EMC Question of the Week: November 3, 2025
A 100-MHz signal generator in a shielded enclosure drives a matched load on a circuit board through a 50-cm coaxial cable. On the board, the signal travels 8 cm on either a pair of coplanar traces or a microstrip trace. Common-mode current and radiated emissions are reduced by choosing the
- coplanar traces
- microstrip trace
- path with the lowest inductance
- path with the better impedance match
Answer
The best answer is “b.” The common-mode voltage that drives the cable relative to the board is determined by the change in the electrical balance at the interface. It is independent of the transmission line inductance or characteristic impedance. Since the coaxial cable is perfectly unbalanced, the microstrip trace (which is very unbalanced) generates relatively little common-mode voltage. The coplanar traces (which are balanced) generates a common-mode voltage equal to half the signal voltage at the interface.

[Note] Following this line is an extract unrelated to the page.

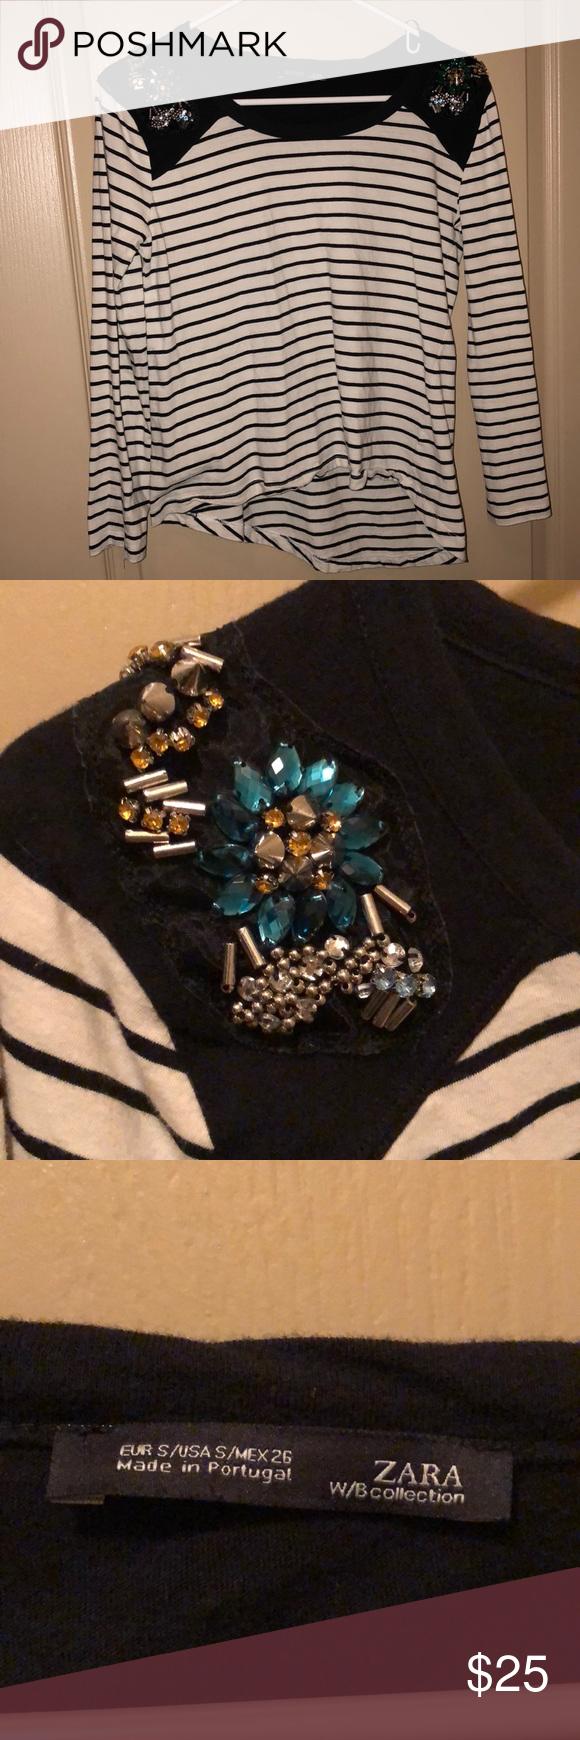 6087c6906f6d6 Zara - Oblong Gem Embroidered Blouse Zara Gem embroidered Oblong Long  Sleeve Blouse. Never worn. No tags. Zara Tops Blouses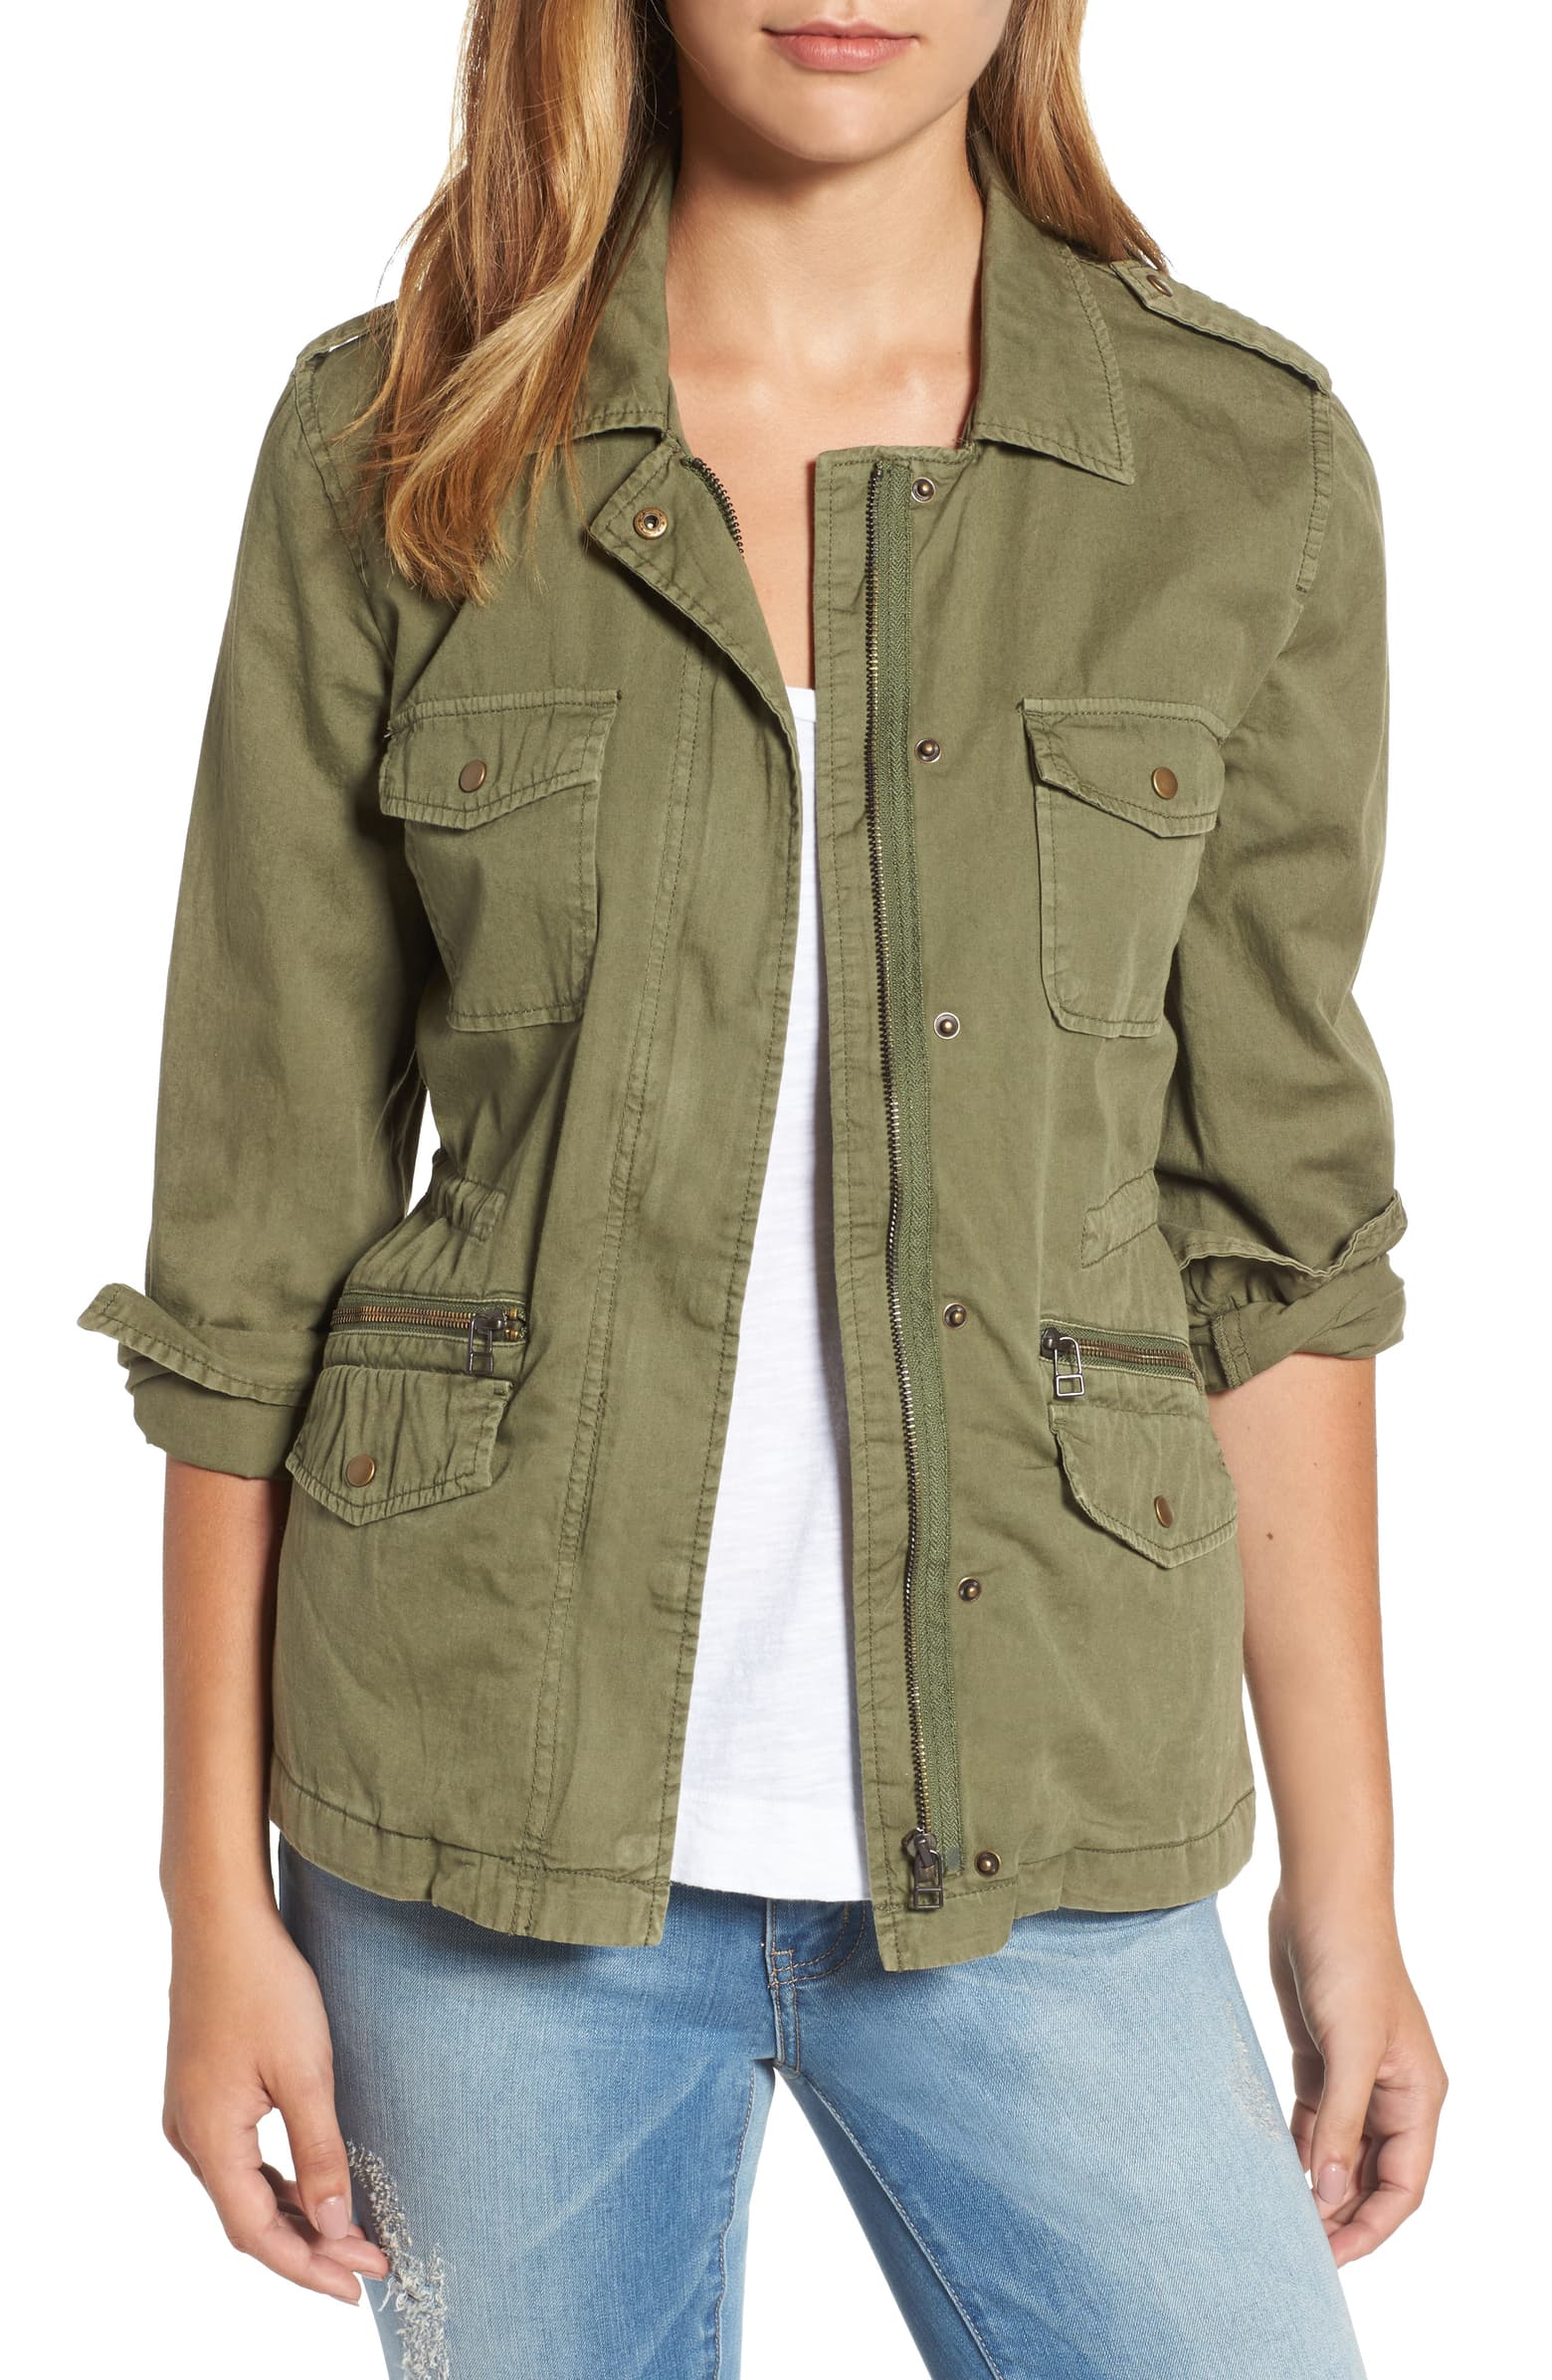 Army Jacket, $150, Nordstrom

In this experiment, the common-mode voltage can be determined precisely from the signal voltage and the computed imbalance factors of the circuit board transmission lines (VCM = Δh × VDM). The common-mode current on the cable is this common-mode voltage divided by the input impedance of the dipole antenna formed by the source/cable and the circuit board.
Of course, a mismatch in the characteristic impedances of the transmission lines can affect the differential-mode voltage and therefore also the common-mode voltage. But, in this configuration, the impact of any impedance mismatch is minor compared to the large differences in the imbalance factor between these two options.
Note that if the source had been differential and the cable had been a differential pair, the coplanar traces would have been the best choice.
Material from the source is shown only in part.